[strongSwan] Tunnels are fluctuating in case of ppp connection
Andreas Steffen
andreas.steffen at strongswan.org
Thu Jul 30 10:06:26 CEST 2015
Actually IKE retransmissions are the only remedy against an unstable
noisy channel. You cannot beat Claude Shannon ;-)
Regards
Andreas
On 30.07.2015 09:47, Nitin Agarwal wrote:
> Hi Andreas
>
> So, what could be the possible solution ?
>
> This is basically using 3G network.
> Sometime I also see CCP [Compression Control Protocol] issue.

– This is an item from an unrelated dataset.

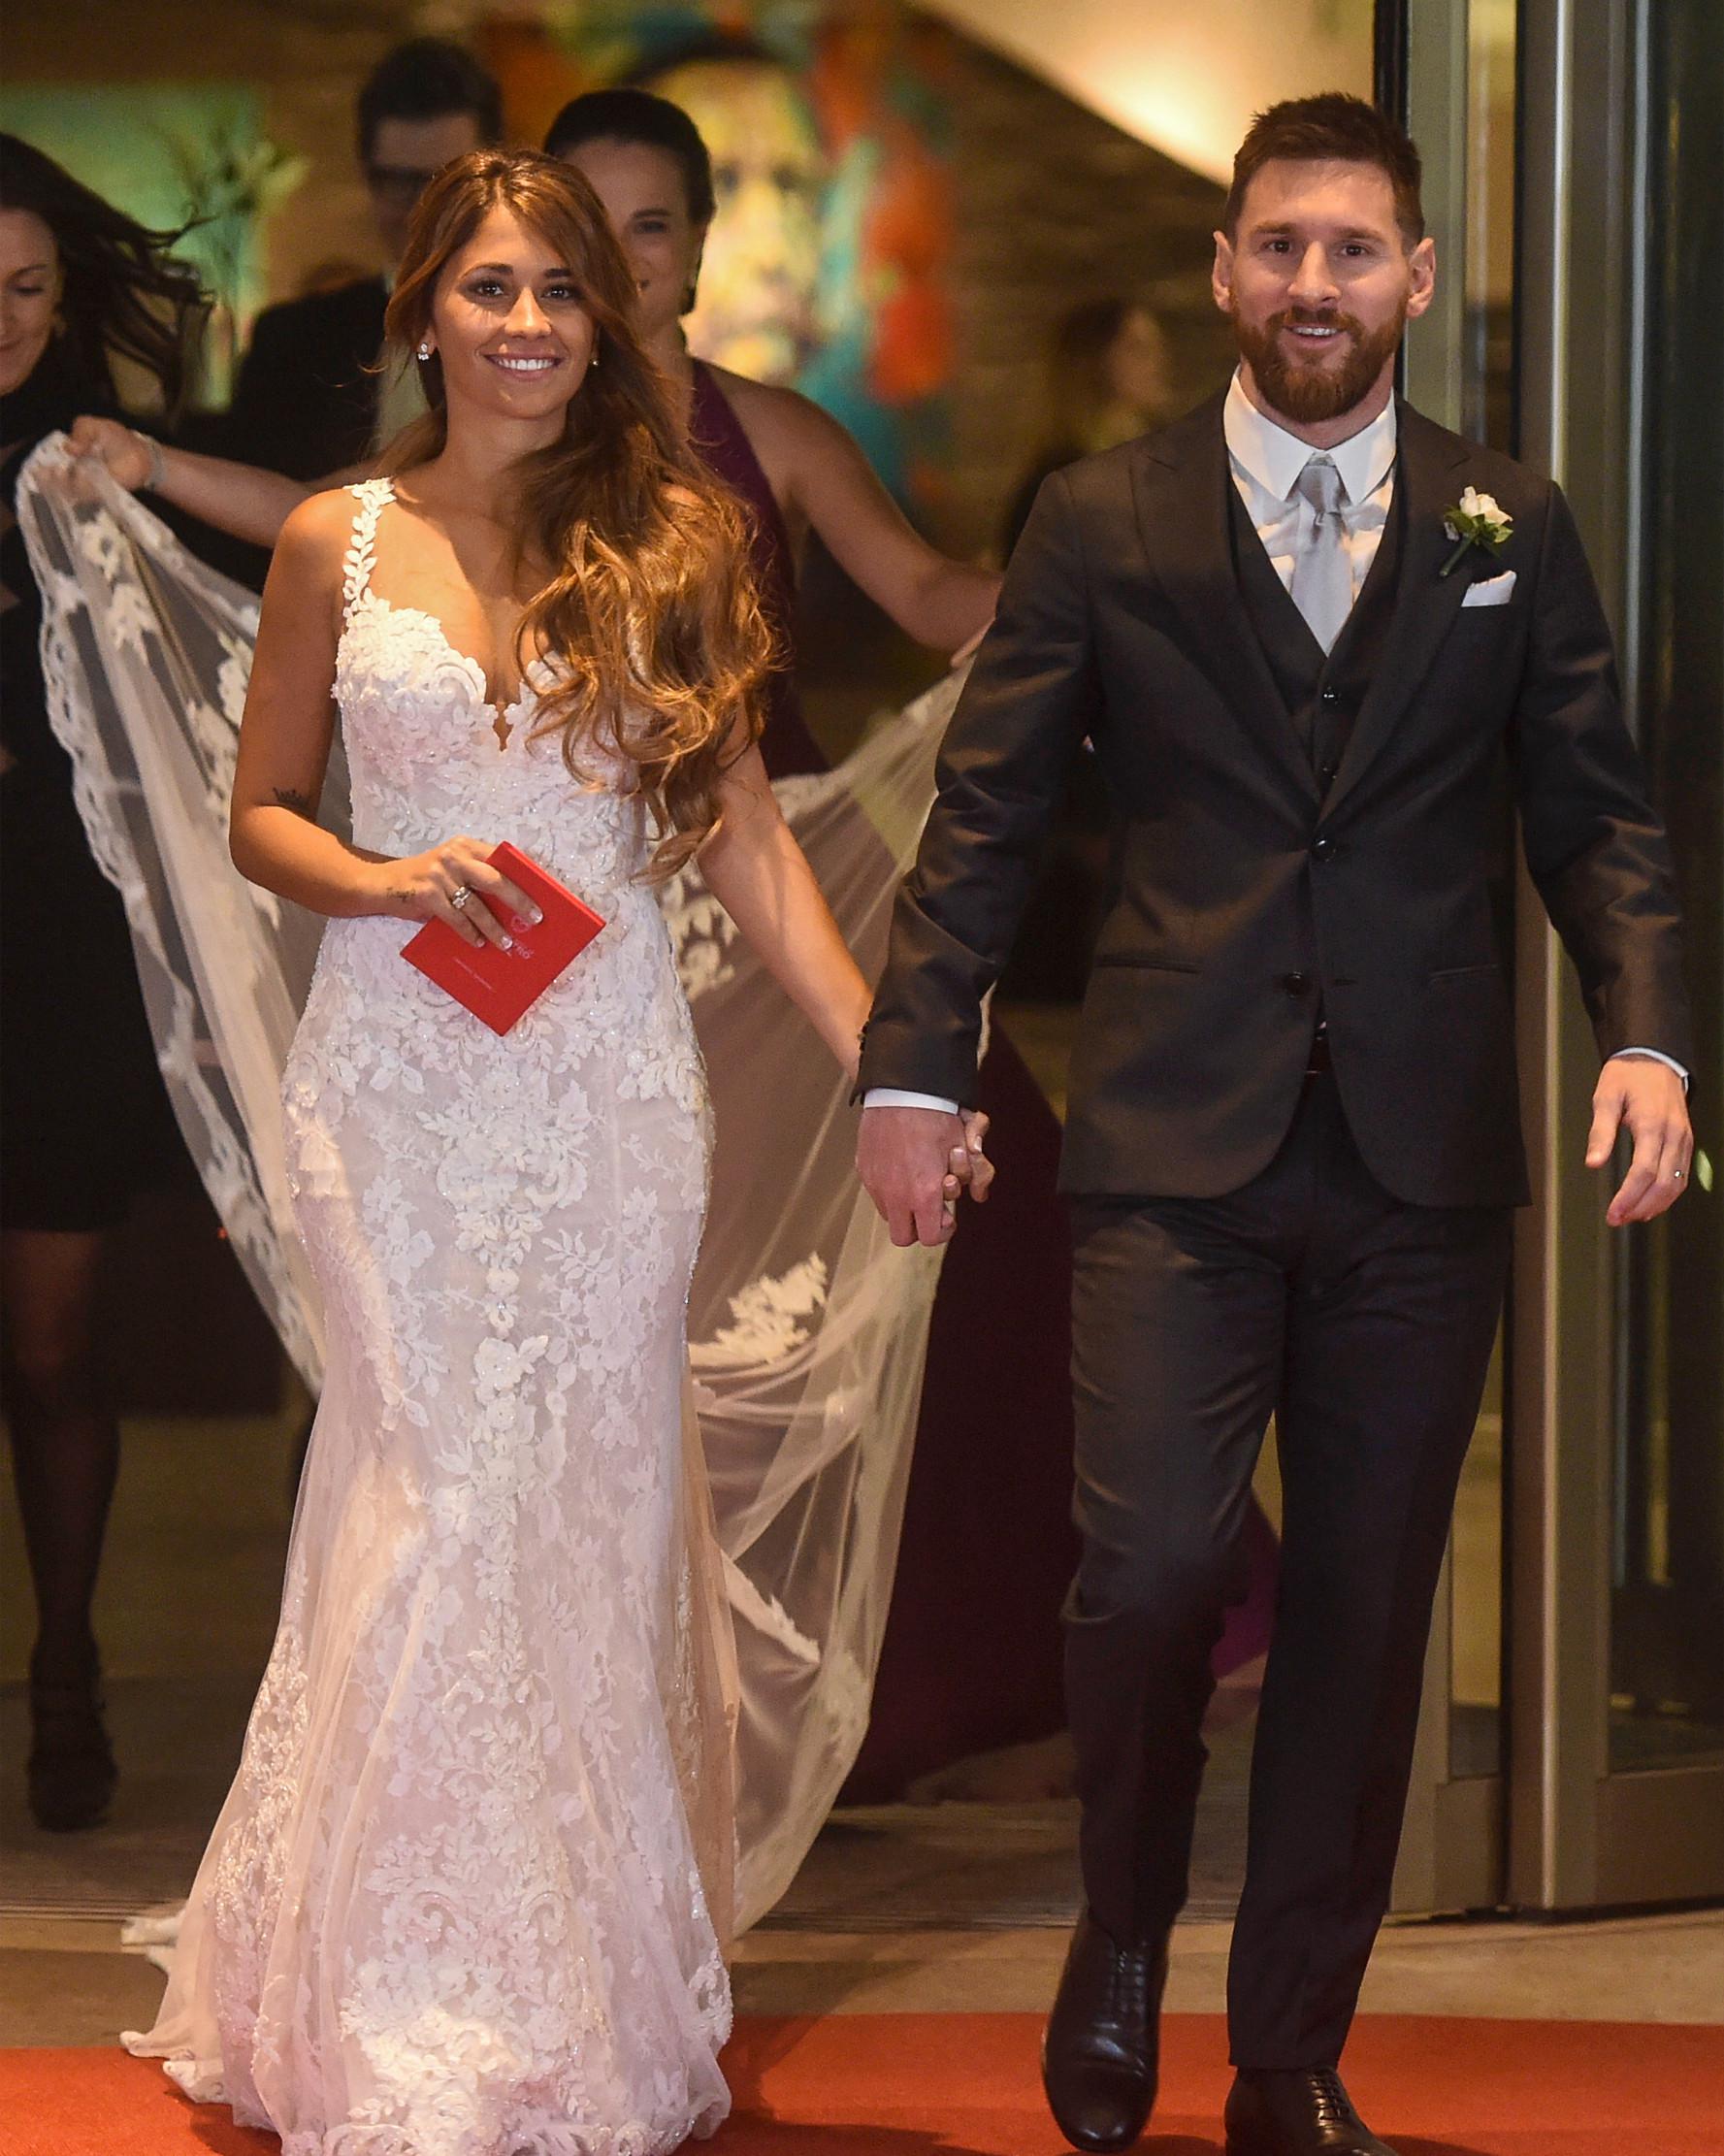 Bintang sepak bola, Lionel Messi berjalan di karpet merah bersama istrinya Antonella Roccuzzo di Rosario, provinsi Santa Fe, Argentina (30/6). Messi menikahi Antonella yang dikenalnya sejak usia 5 tahun. (AFP Photo/Eitan Abramovich)

> For that I am making noccp in ppp connection. Other then that, anything
> which can be done ?
>
>
>
> *Best Regards*
> *Nitin Agarwal*
> *Team Leader R&D*
> *Symstream Technology Group*
> M +91 9818893018
> _nitin.agarwal at symstream.com <mailto:nitin.agarwal at symstream.com>_ |
> Skype: nitin_symstream
>
>
>
>
>
> On Thu, Jul 30, 2015 at 12:52 PM, Andreas Steffen
> <andreas.steffen at strongswan.org <mailto:andreas.steffen at strongswan.org>>
> wrote:
>
> Hi Nitin,
>
> for this time span I just see
>
> Jul 27 23:28:37 s5-gw-sing charon: 03[IKE] 27.97.11.233 is
> initiating an IKE_SA
> Jul 27 23:28:41 s5-gw-sing charon: 04[IKE] 27.97.11.233 is
> initiating an IKE_SA
> Jul 27 23:28:49 s5-gw-sing charon: 04[IKE] 27.97.11.233 is
> initiating an IKE_SA
> Jul 27 23:29:01 s5-gw-sing charon: 01[IKE] 27.97.11.233 is
> initiating an IKE_SA
> Jul 27 23:29:07 s5-gw-sing charon: 03[JOB] deleting half open IKE_SA
> after timeout
>
> I suspect that the IKE_SA_INIT response from the server gets somehow
> garbled by the transmission channel, so that the VPN client cannot
> parse the incoming IKE message correctly. This would explain why the
> errors differ from message to message.
>
> Best regards
>
> Andreas
>
> On 30.07.2015 08:35, Nitin Agarwal wrote:
>
> Hi
>
> I am attaching server [AWS] side logs [messages] .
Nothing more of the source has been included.